==== DATASET EXTRACT ====
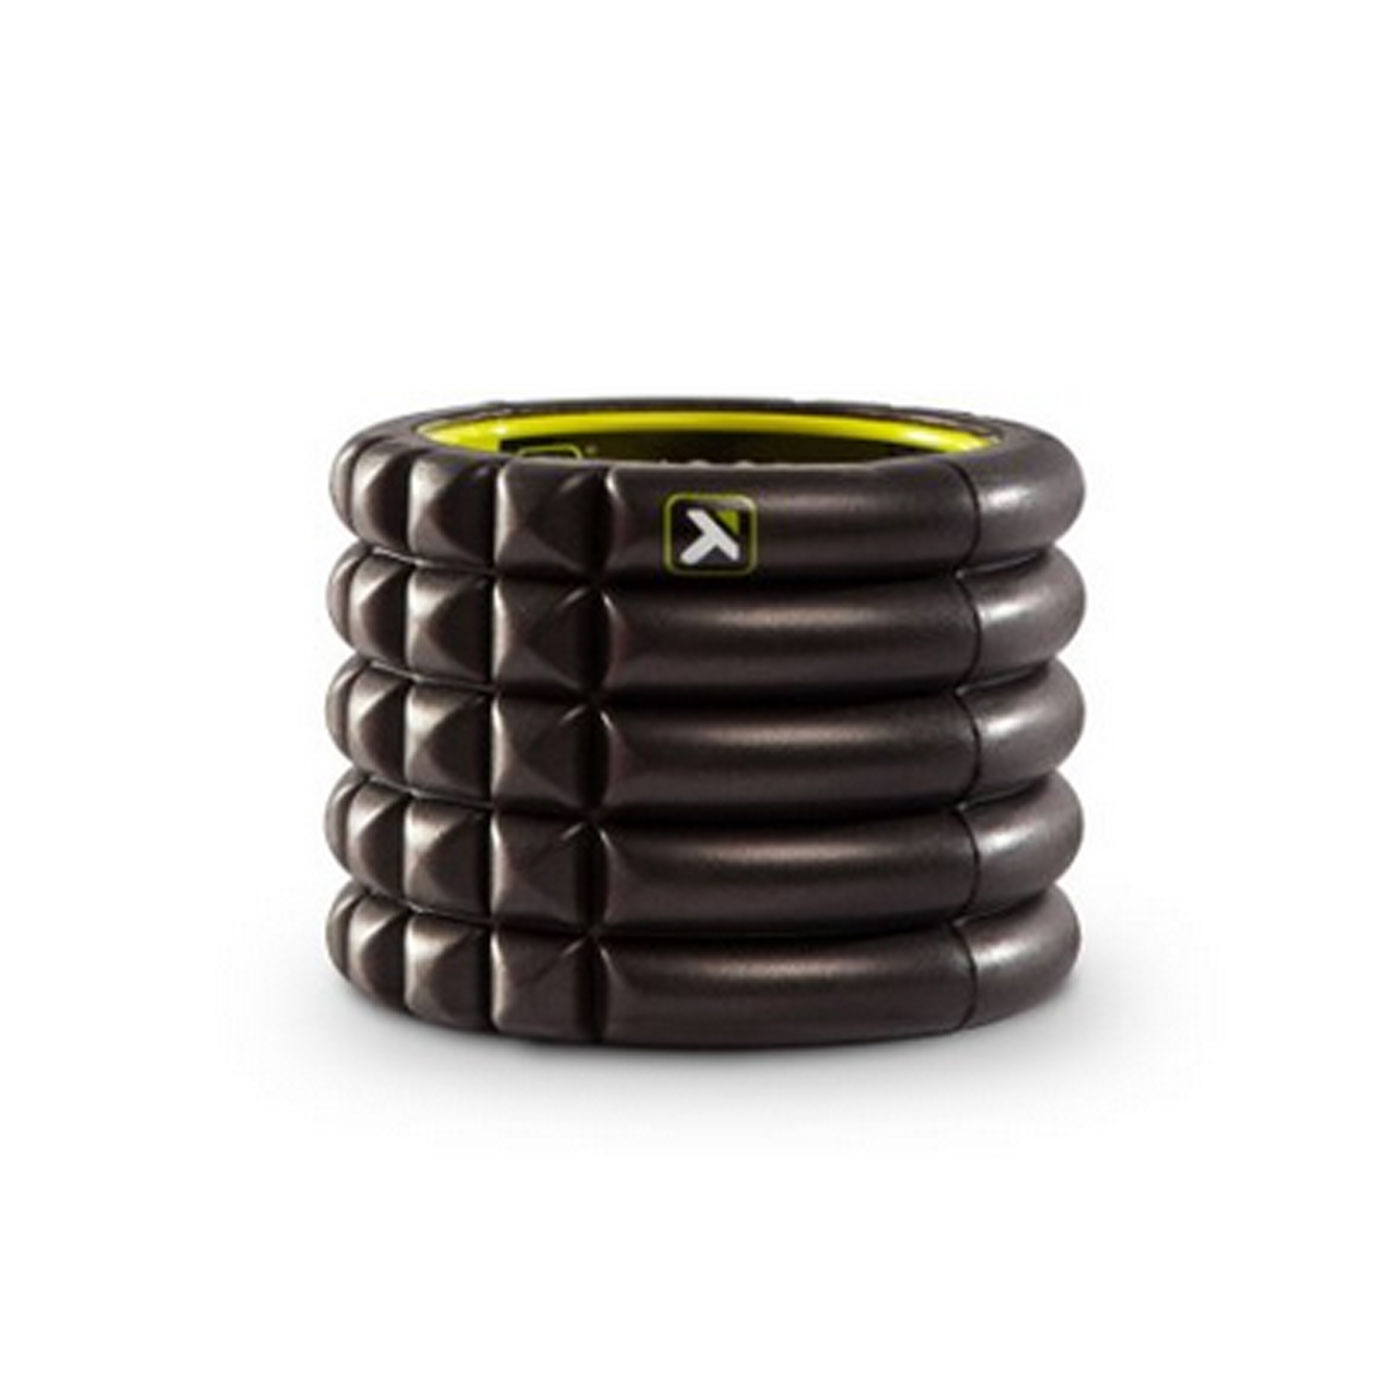 TP• Mini Grid Foam Roller • 20 USD
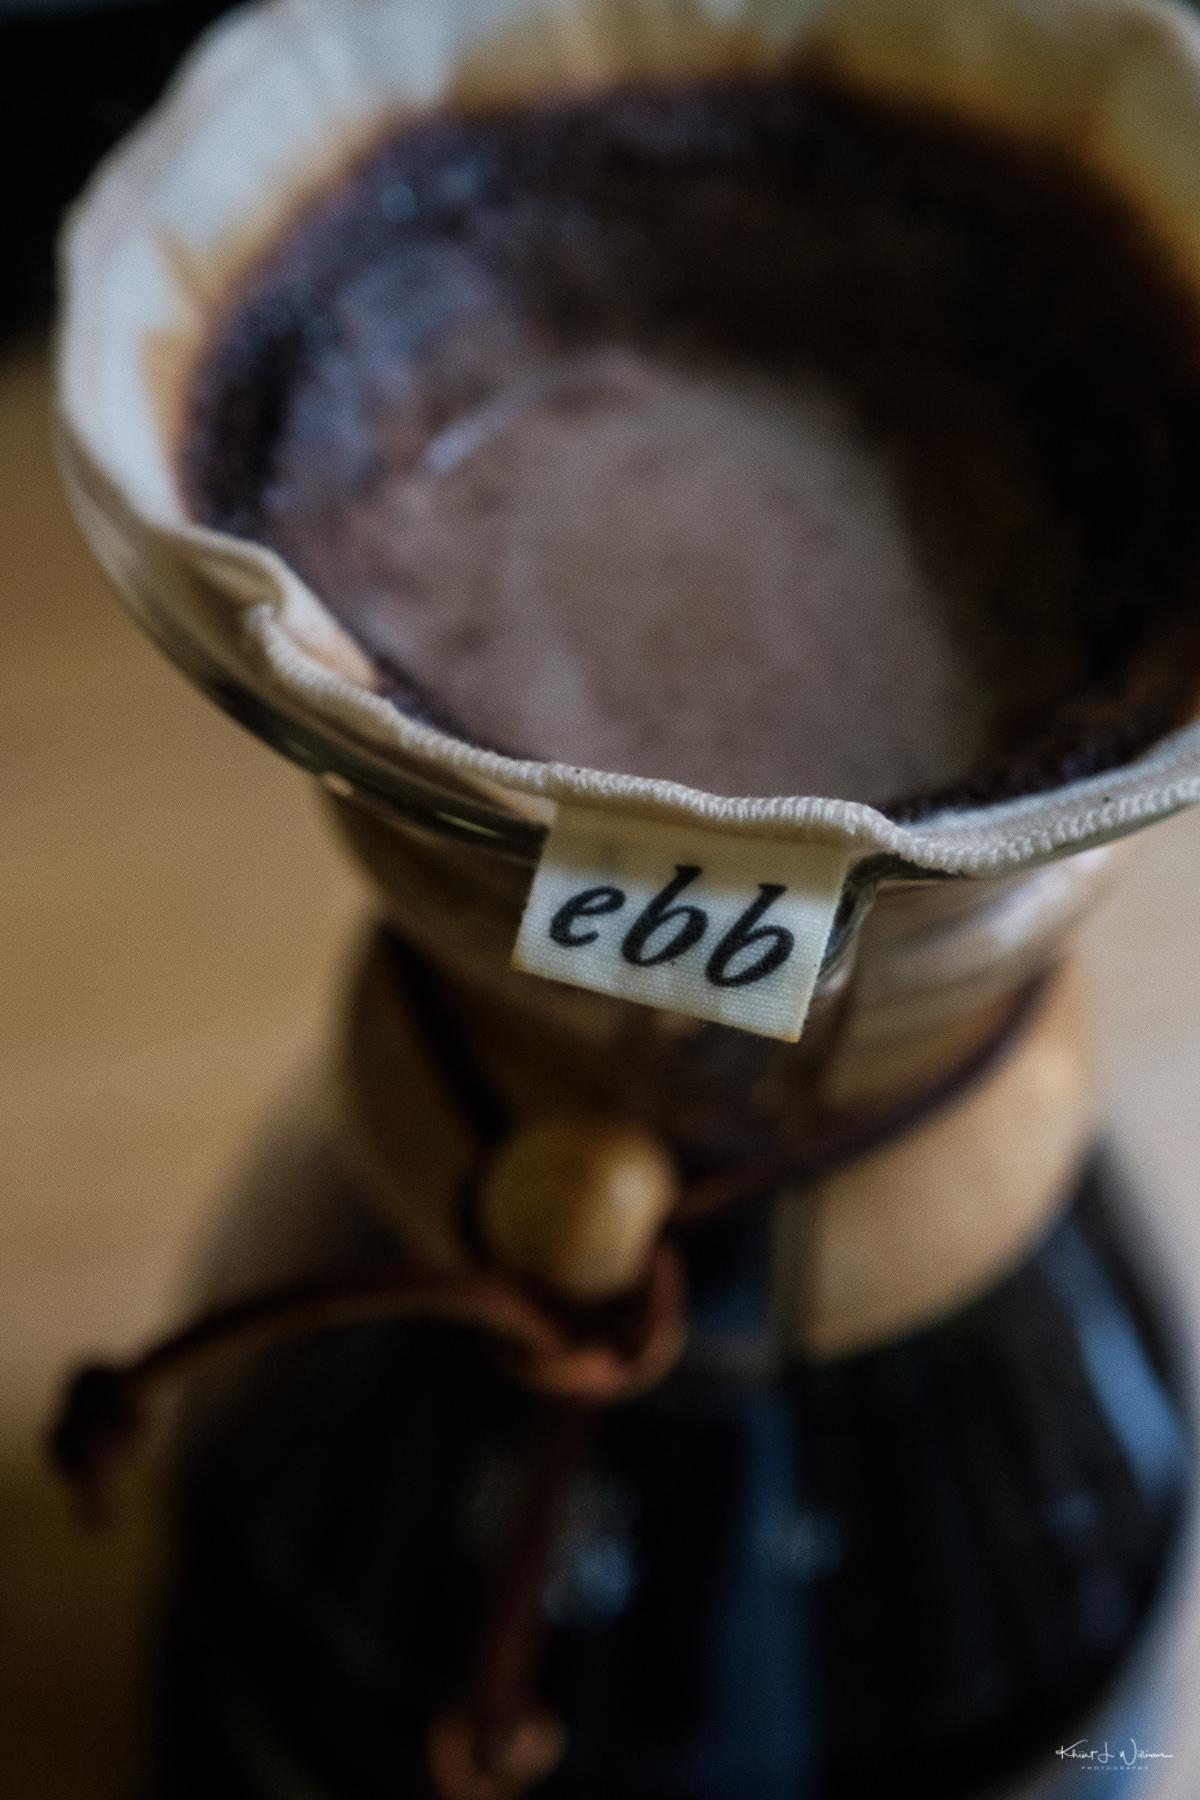 <span class='p-name'>Ebb Coffee Filter for Chemex</span>
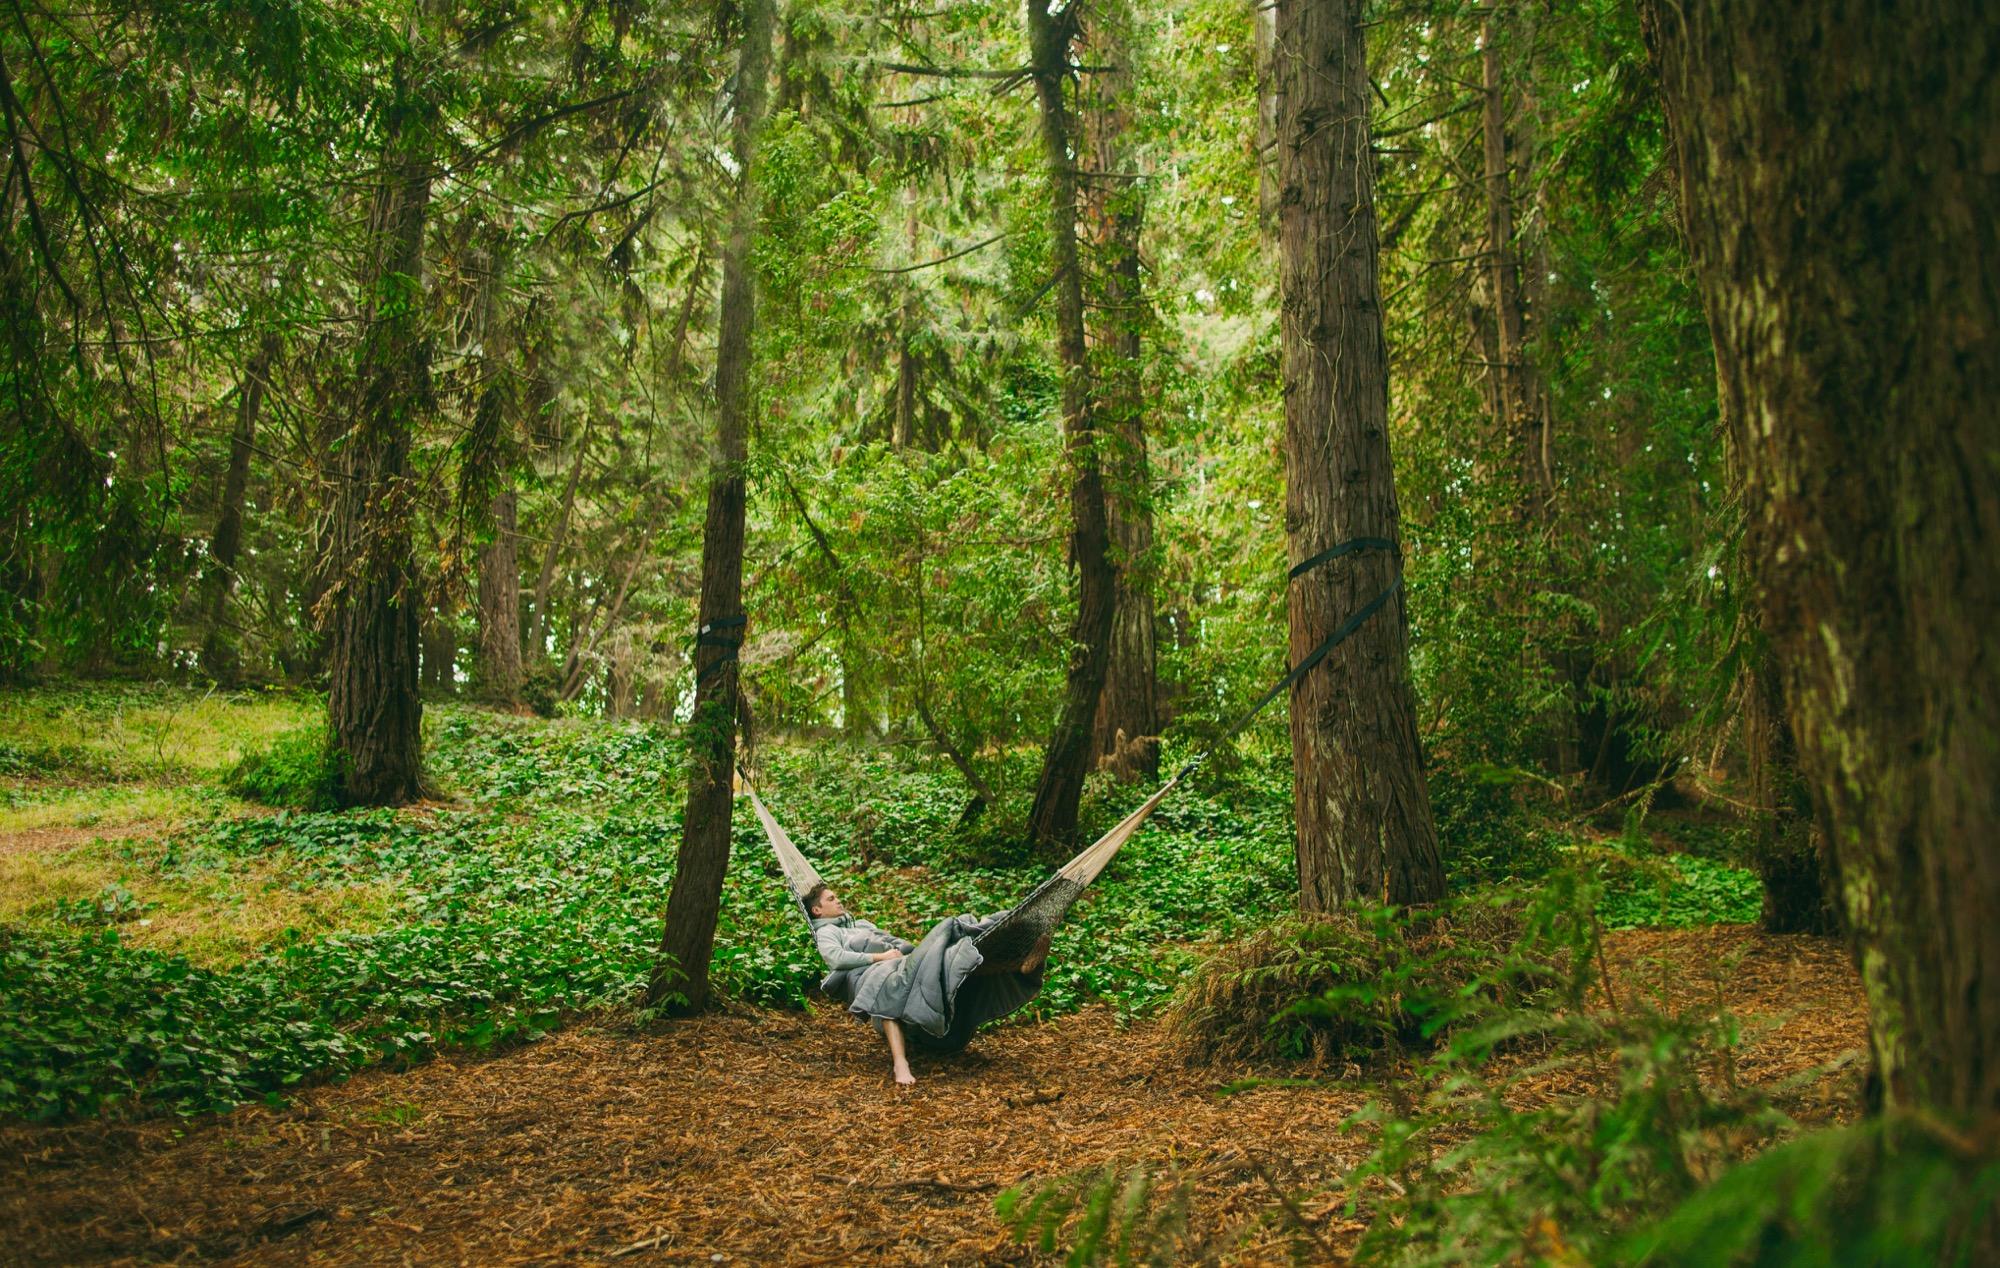 Rumpling in the woods / Photo by John Asuncion
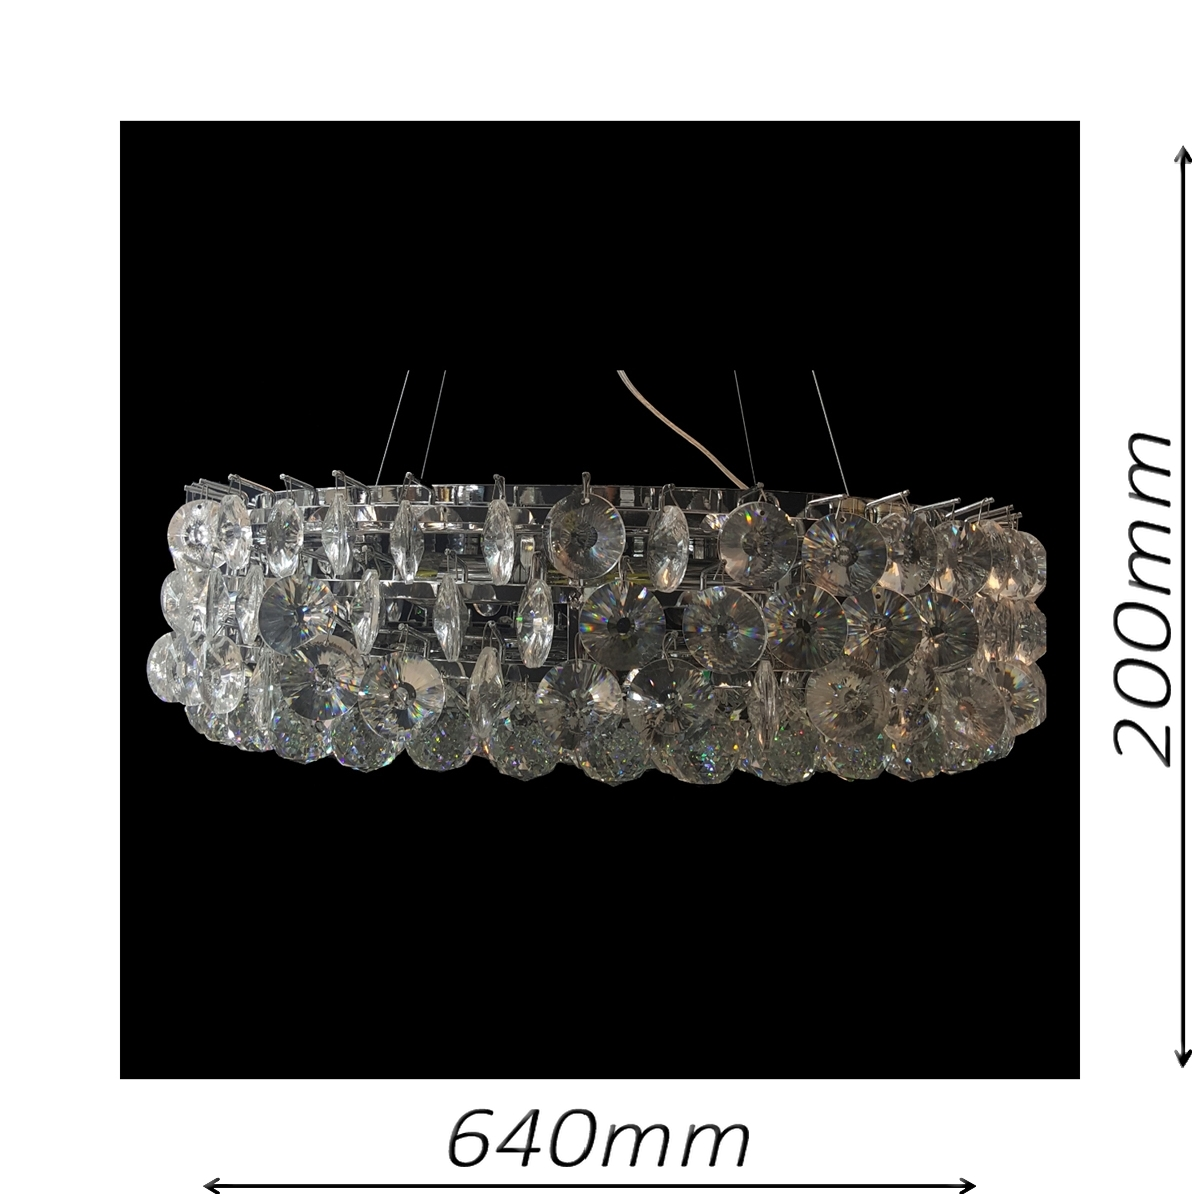 Musluk 610 Chrome Chandelier - CRPMUS10610CH
====
Copy the data exactly. Any picture it contains is to be omitted.

 TP• Mini Grid Foam Roller • 20 USD
 <span class='p-name'>Ebb Coffee Filter for Chemex</span>
 Rumpling in the woods / Photo by John Asuncion
 Musluk 610 Chrome Chandelier - CRPMUS10610CH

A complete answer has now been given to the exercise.